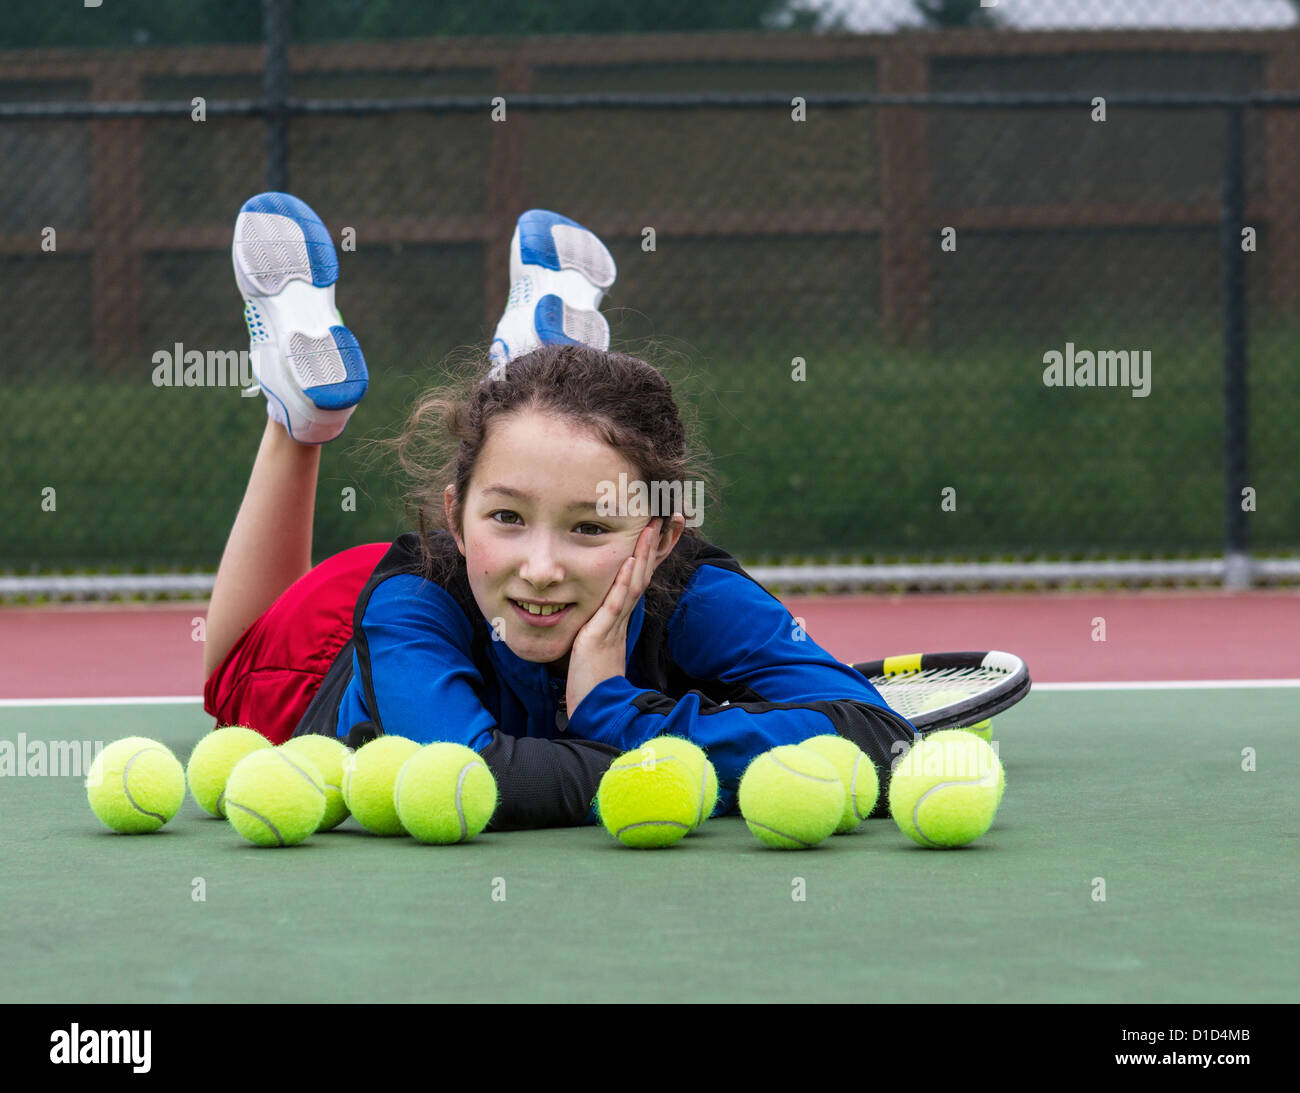 Young girl having fun on outdoor tennis court Stock Photo
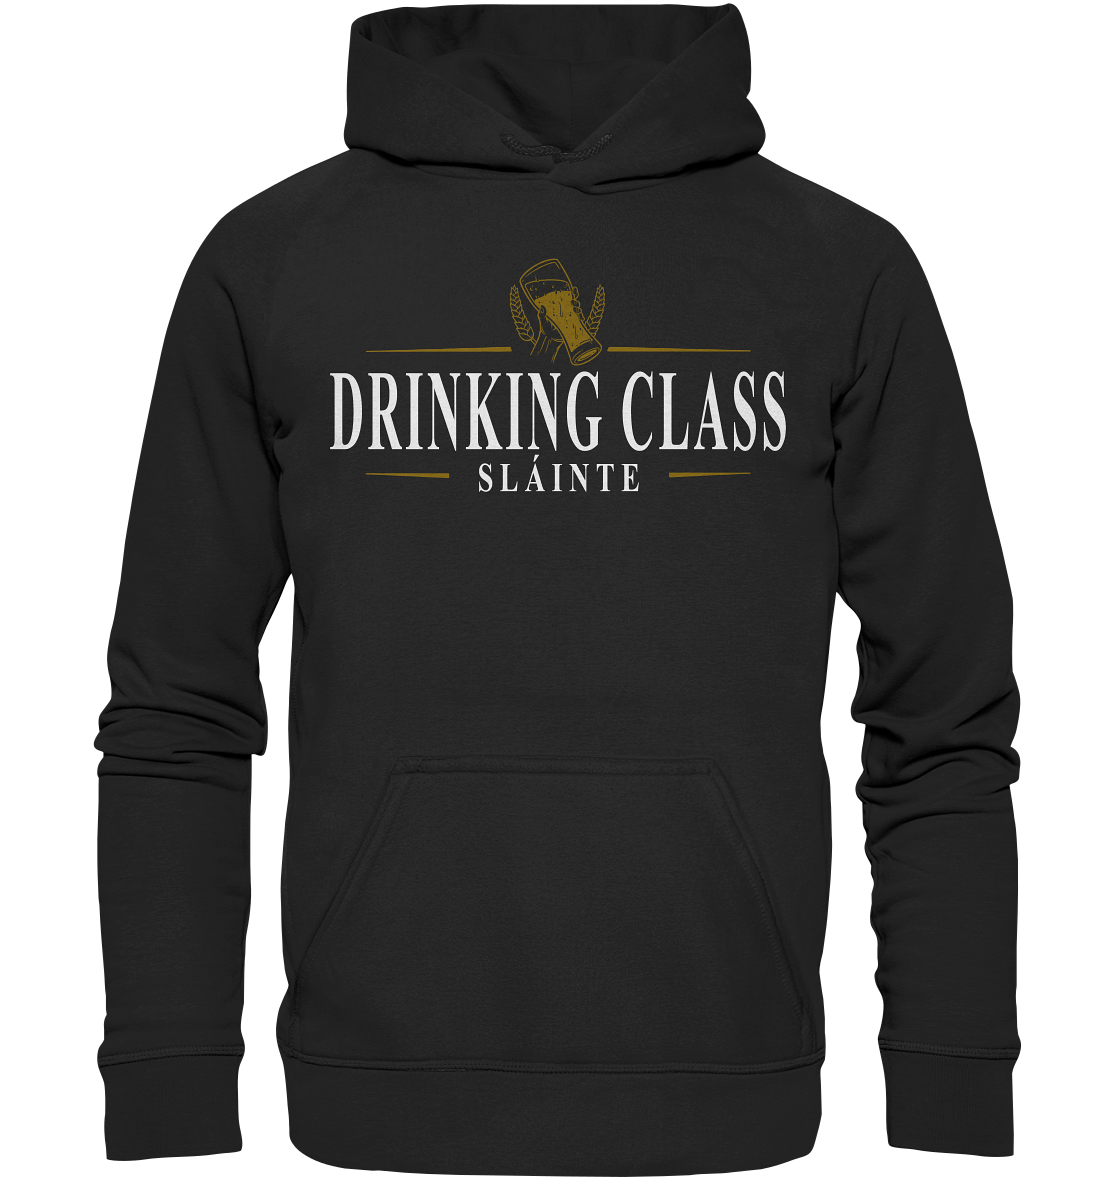 Drinking Class "Sláinte" - Basic Unisex Hoodie
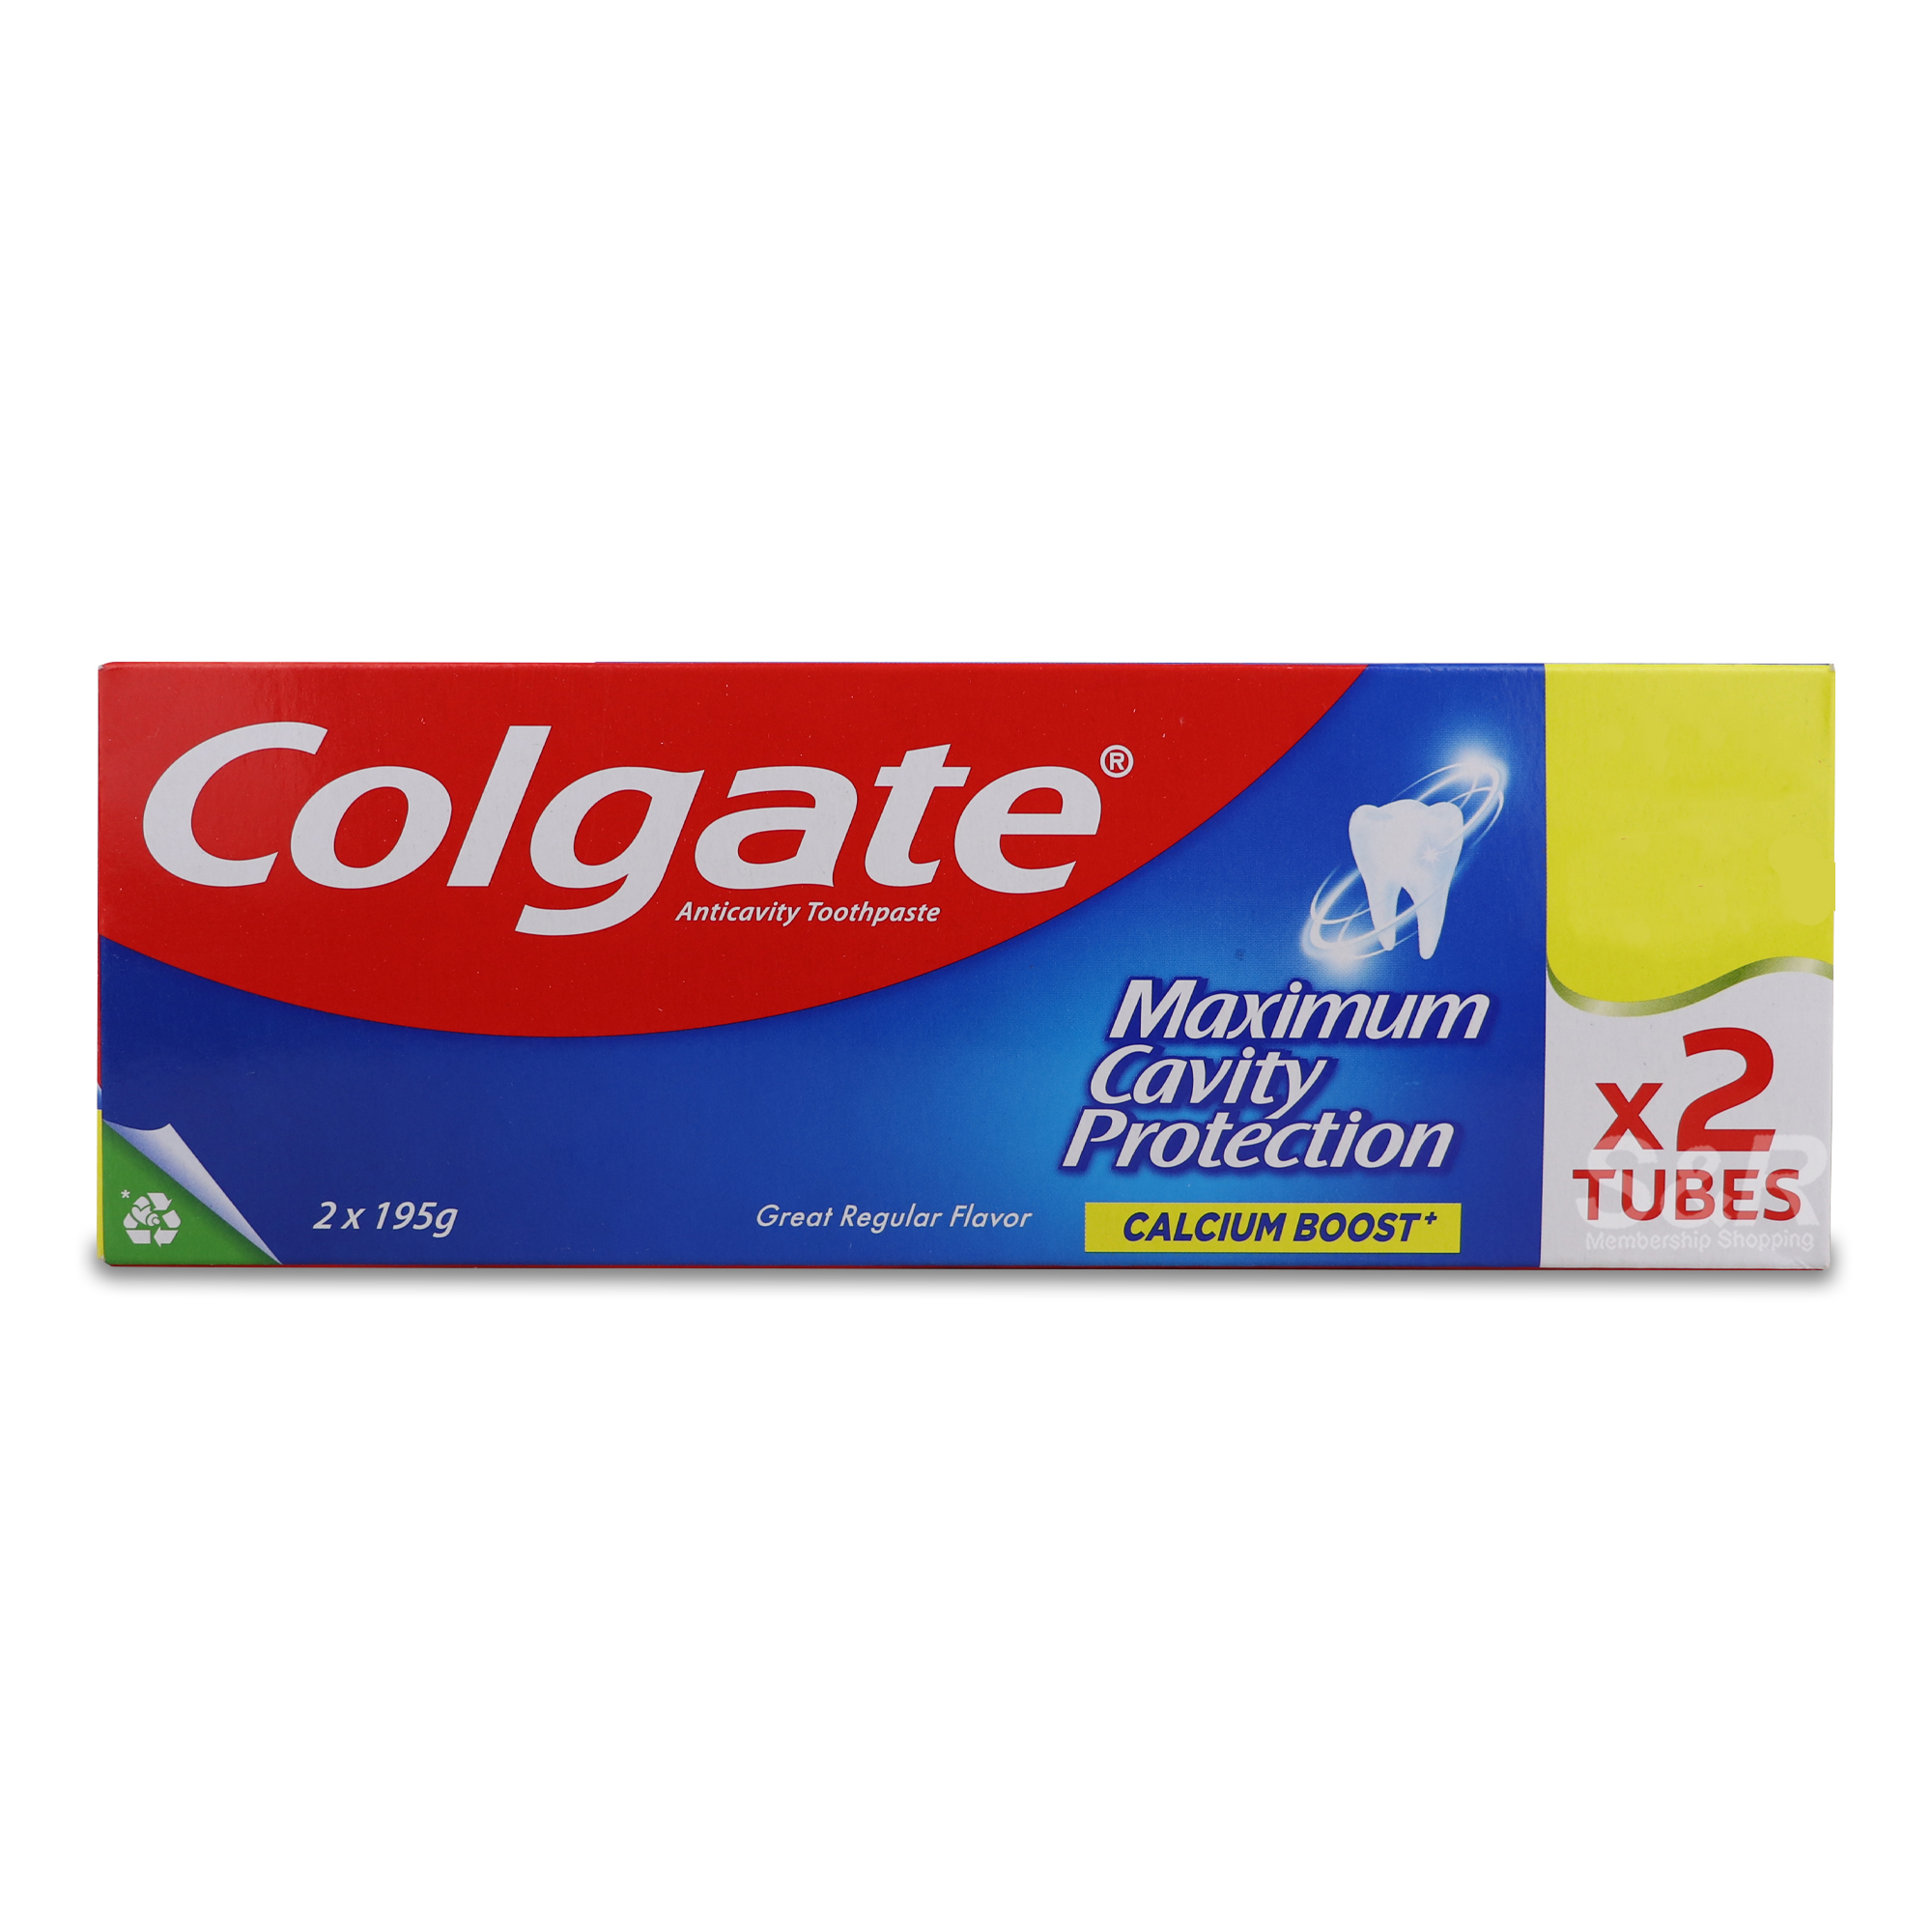 Colgate Toothpaste Great Regular Flavor 2x195g

> _INSTRUCTIONS TO FOLLOW_:
Print the material above exactly as it appears, but not its pictures.

> _PROBLEM SOLUTION_:
 Young girl having fun on outdoor tennis court Stock Photo
 Drinking Class "Sláinte" - Basic Unisex Hoodie
 Colgate Toothpaste Great Regular Flavor 2x195g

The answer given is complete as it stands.